— Я либо тебя обманывал, либо хотел произвести хорошее впечатление. (Улыбается.) В кадетский корпус я поступил, когда мне было 10 лет. Ты приезжаешь из Москвы в Питер, по сути морской город… Я даже во время каникул носил военную форму и бескозырку, хотя совершенно спокойно мог носить джинсы и свой любимый свитер. А потом в какой-то момент я стал всё это жутко не любить. Стали возникать самоволки и так далее. Но другое дело, что я понимал: мне нужно закончить учебу в кадетском корпусе, довести дело до конца.
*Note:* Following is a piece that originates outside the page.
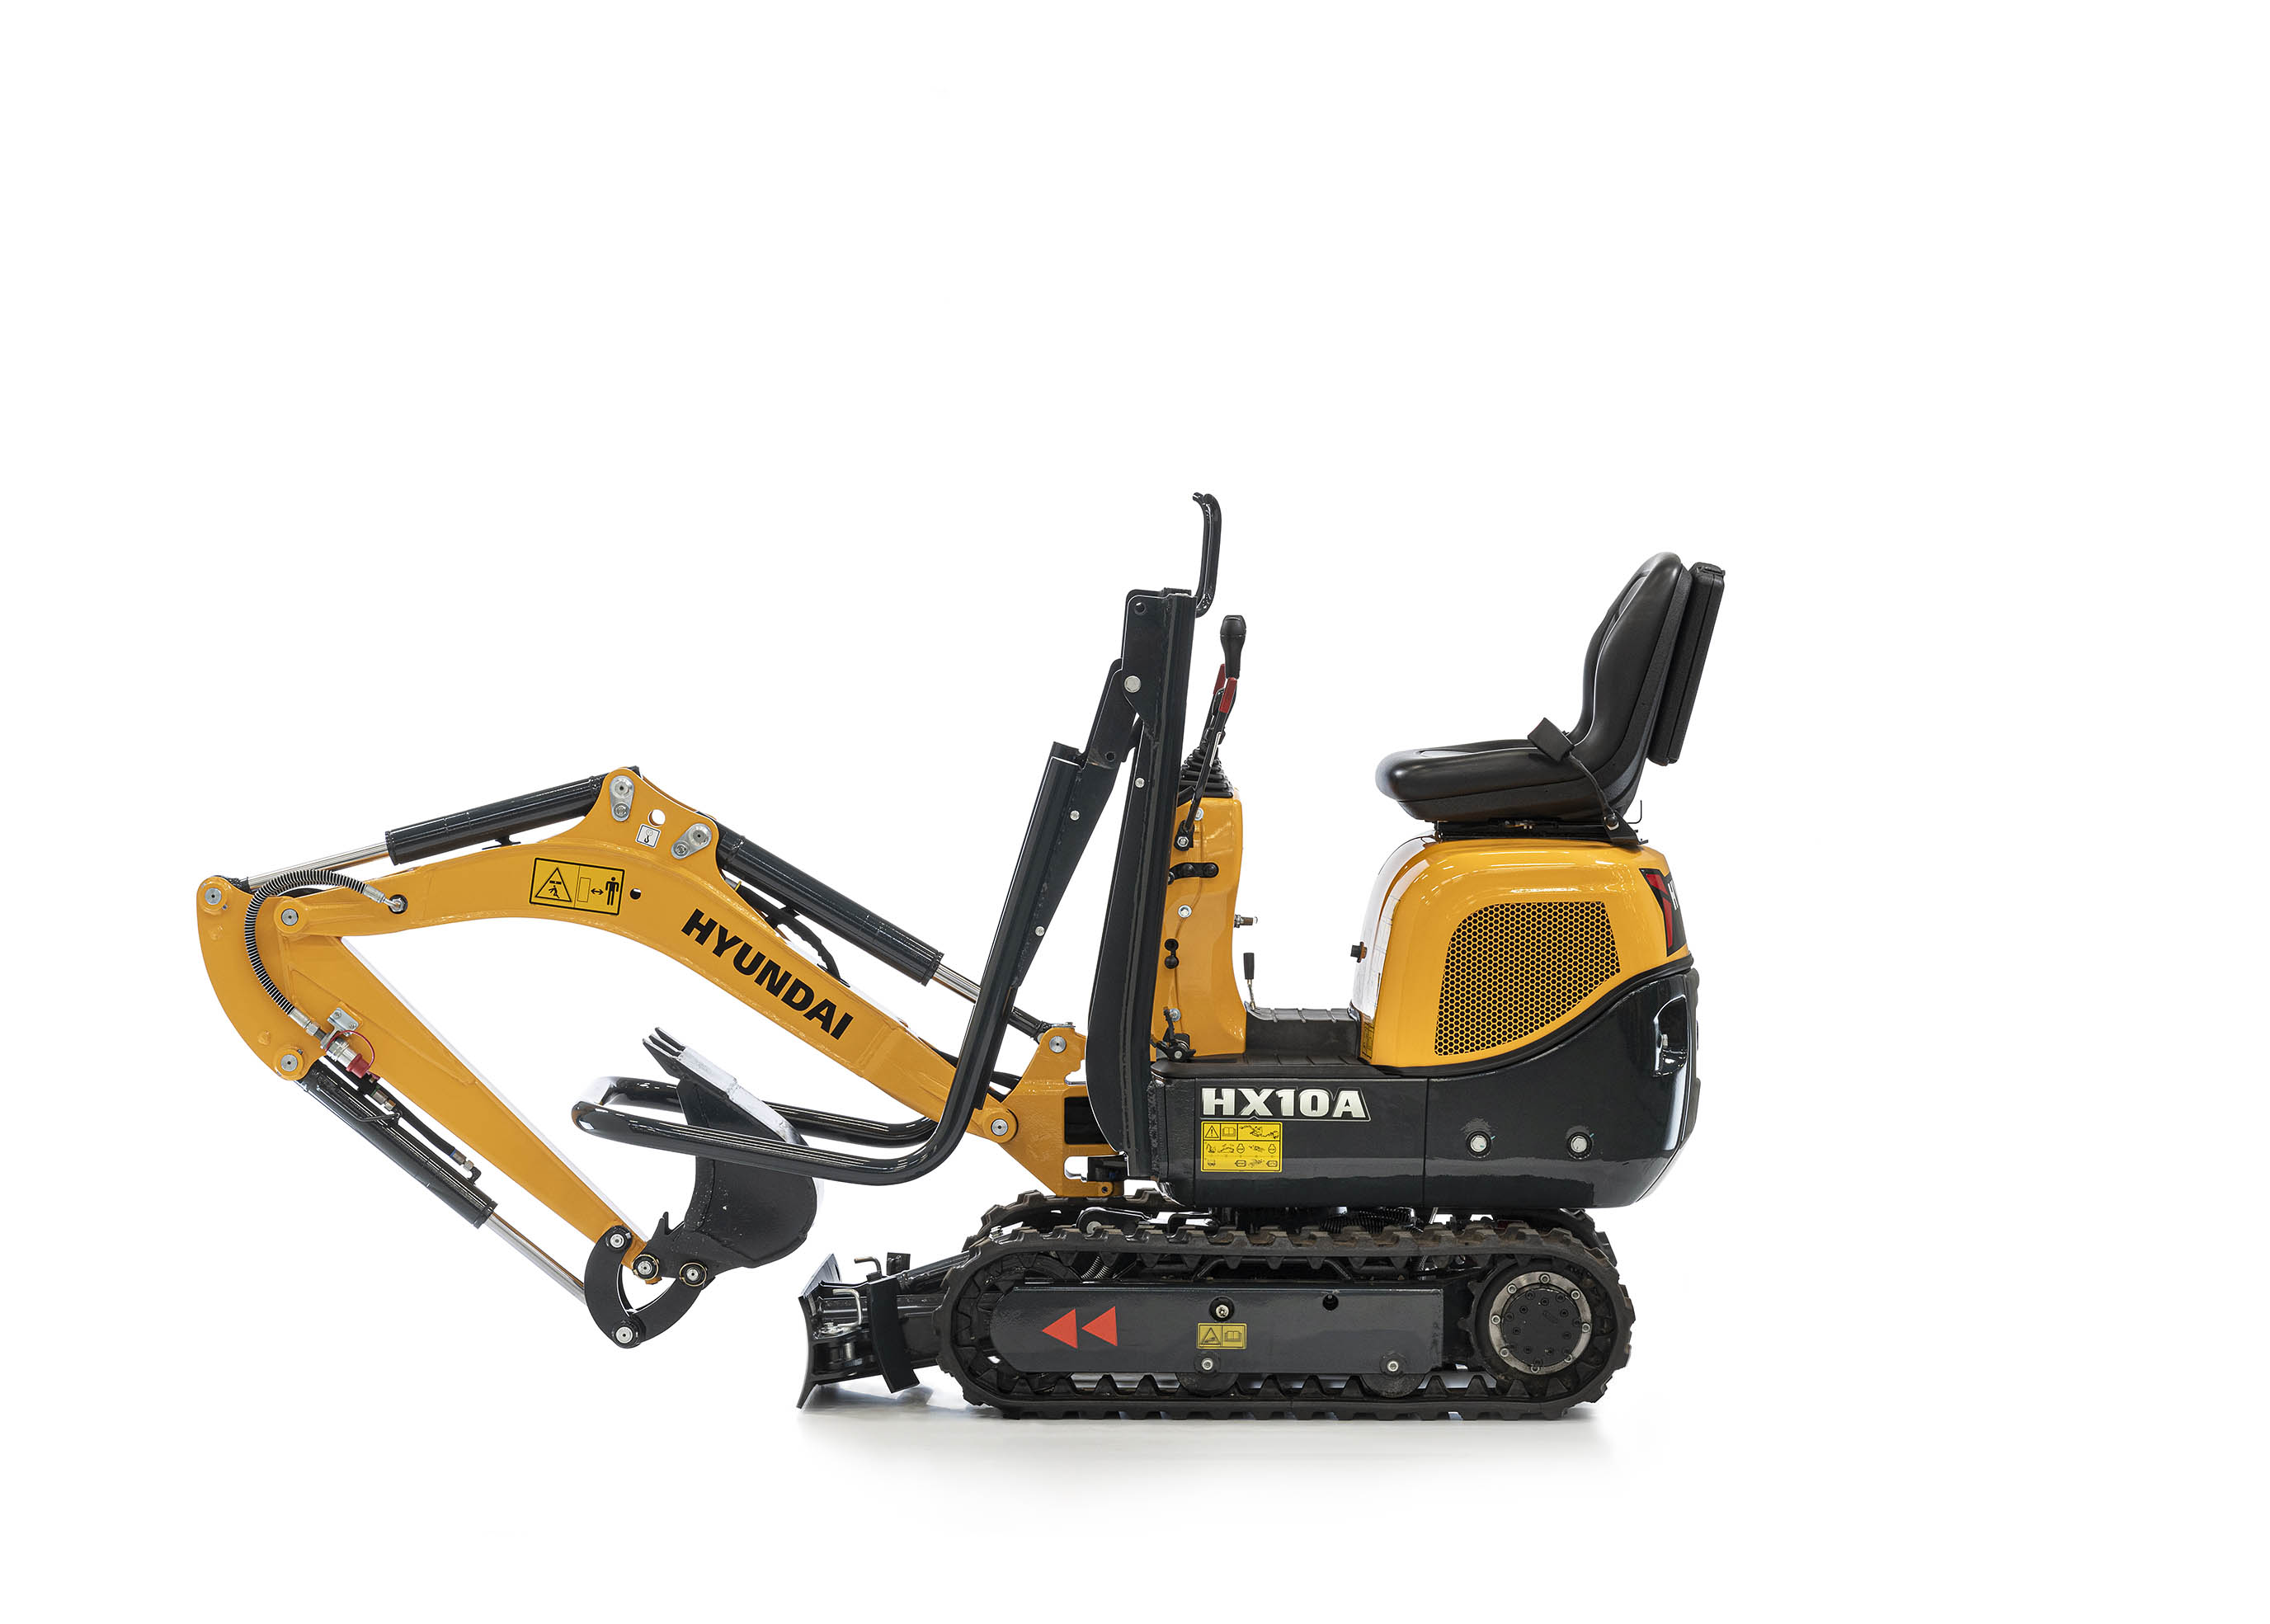 Arthur Los Fotografie - HX10A compact excavator
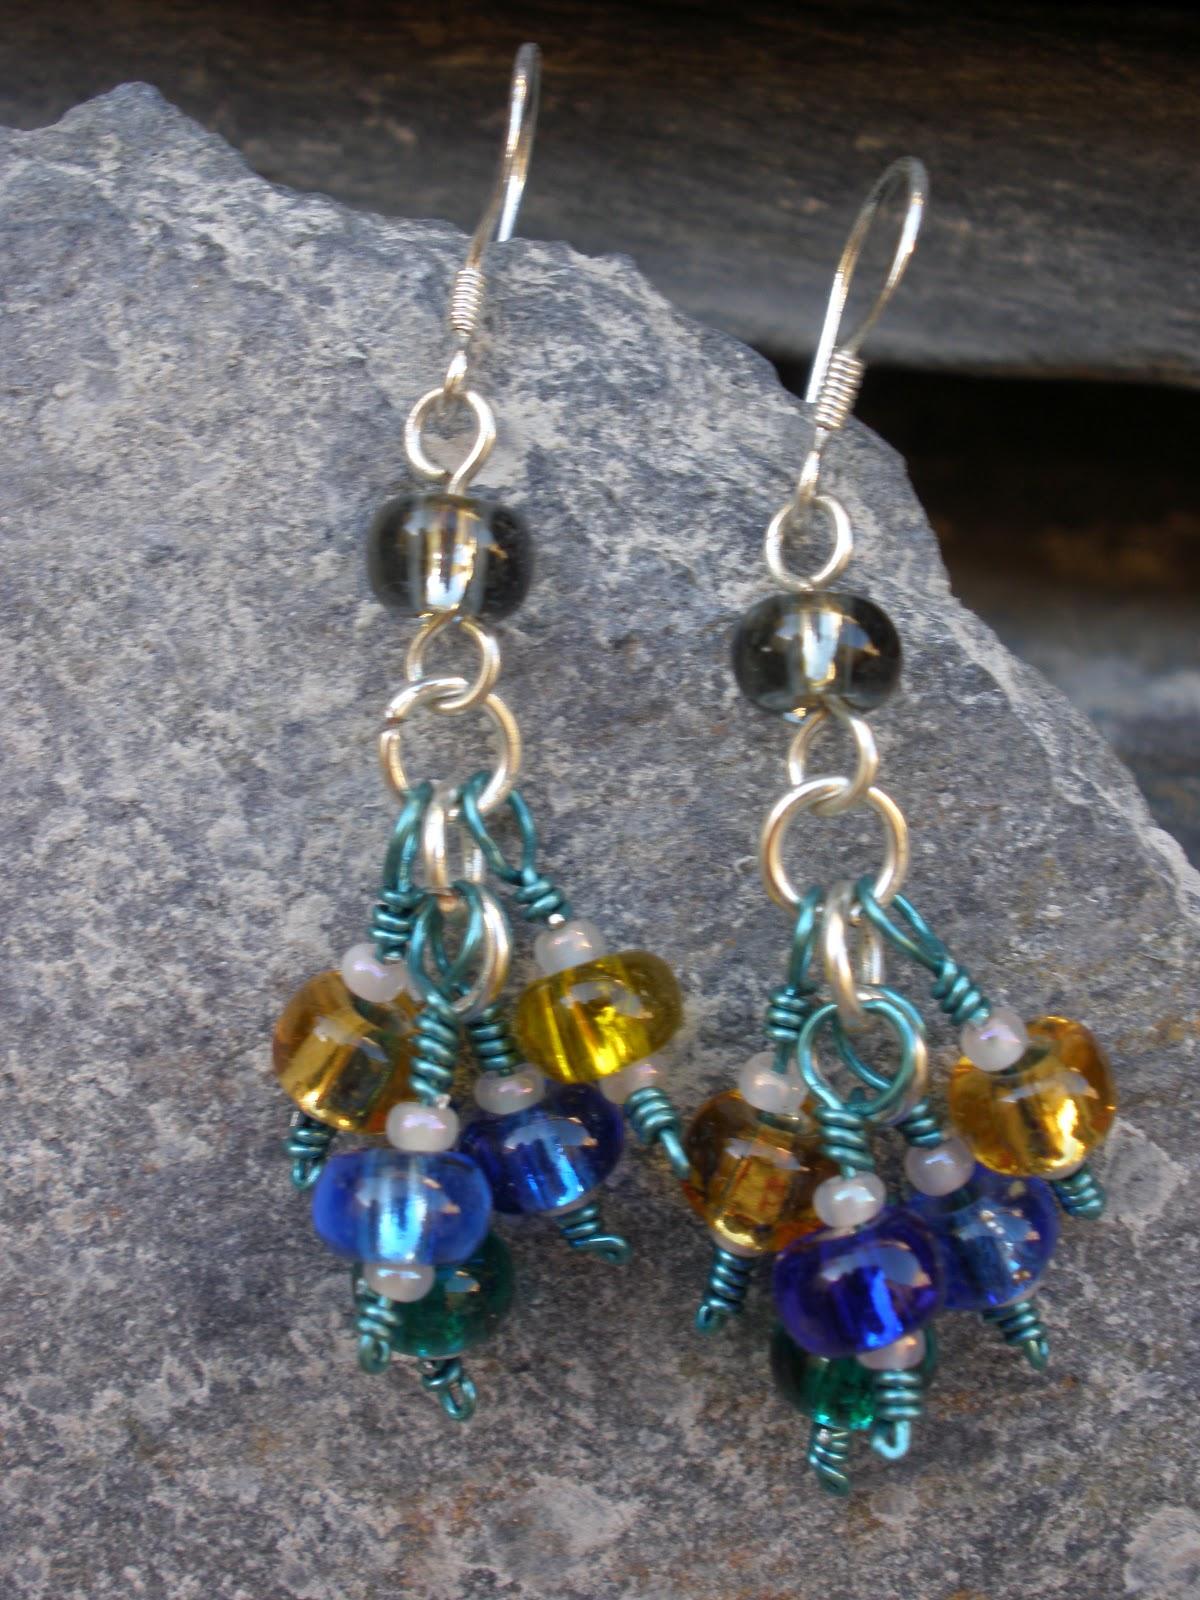 Chloe Louise Handmade Jewellery: Earrings - a bunch of my handmade ...

— Ты поступал к Льву Додину, выдающемуся режиссеру и педагогу, в Санкт-Петербургскую театральную академию, потому что так решила опять же мама. А когда ты сам понял, что вы с Додиным одной группы крови? Ты ведь уже прошел с ним вместе большой путь.
— Я понял это сразу. Я же попал в академию, и при этом был совершенно не искушенным в театре. До этого я посмотрел всего пару спектаклей, один из них — «Синяя птица» в Московском Художественном театре. Но я знаю, почему мне сразу в академии понравилось, — потому что Додин — это система. Это очень здорово, это правильно. Потому что театр, настоящий театр — это тоже система. Там нет погон, нет построений, но по уровню дисциплины и порядка — это армия, система.
— Вероятно, эта системность сформировала твое отношение к делу, к профессии. Сегодня ты во многом сам менеджер своей жизни — продюсируешь кино, стал режиссером…
— Искренне тебе скажу, Вадик, мне жутко интересно то, чем я занимаюсь. И актерская профессия, и возможность познать новое — режиссура, продюсирование, создание своей компании, рождение новых проектов, идей, доведенных твоими руками до какого-то логического завершения. Вот в этом моя бесшабашность. Тот же фильм «Тренер» — это совершенно авантюрный замут, но он, как бы сказать, в пространстве того, что ты любишь. Или джазовый музыкальный спектакль, со своей драматургией, — это же тоже невероятная авантюра, какое-то безумие. Всё требует времени, черт бы его побрал! А времени с каждым годом становится всё меньше и меньше. Я никогда в это не верил, когда меня об этом предупреждали. Ну что за чушь, 24 часа? Спите меньше, больше делайте.
— Ты жадный.
— Я жадный, конечно. Хочется всё успеть. Как-то кажется, еще мало сделано, и столько впереди всего важного. Правда, у нас, как только актер начинает снимать кино, продюсировать, петь, что-то еще делать, — я не про себя говорю, а вообще — это воспринимается если не негативно, то как-то странно-агрессивно. Ты актер? Тогда играй. А всё остальное не воспринимается как логичный этап саморазвития и то, что человек внутри этой профессии хочет идти куда-то дальше. В этом смысле я апеллирую к Западу, где к этому относятся совсем иначе, чем у нас: о, круто, интересно, посмотрим! И мне кажется, это вполне нормально — стараться сделать что-то принципиально новое, если ты чувствуешь в себе силу, потребность, амбиции.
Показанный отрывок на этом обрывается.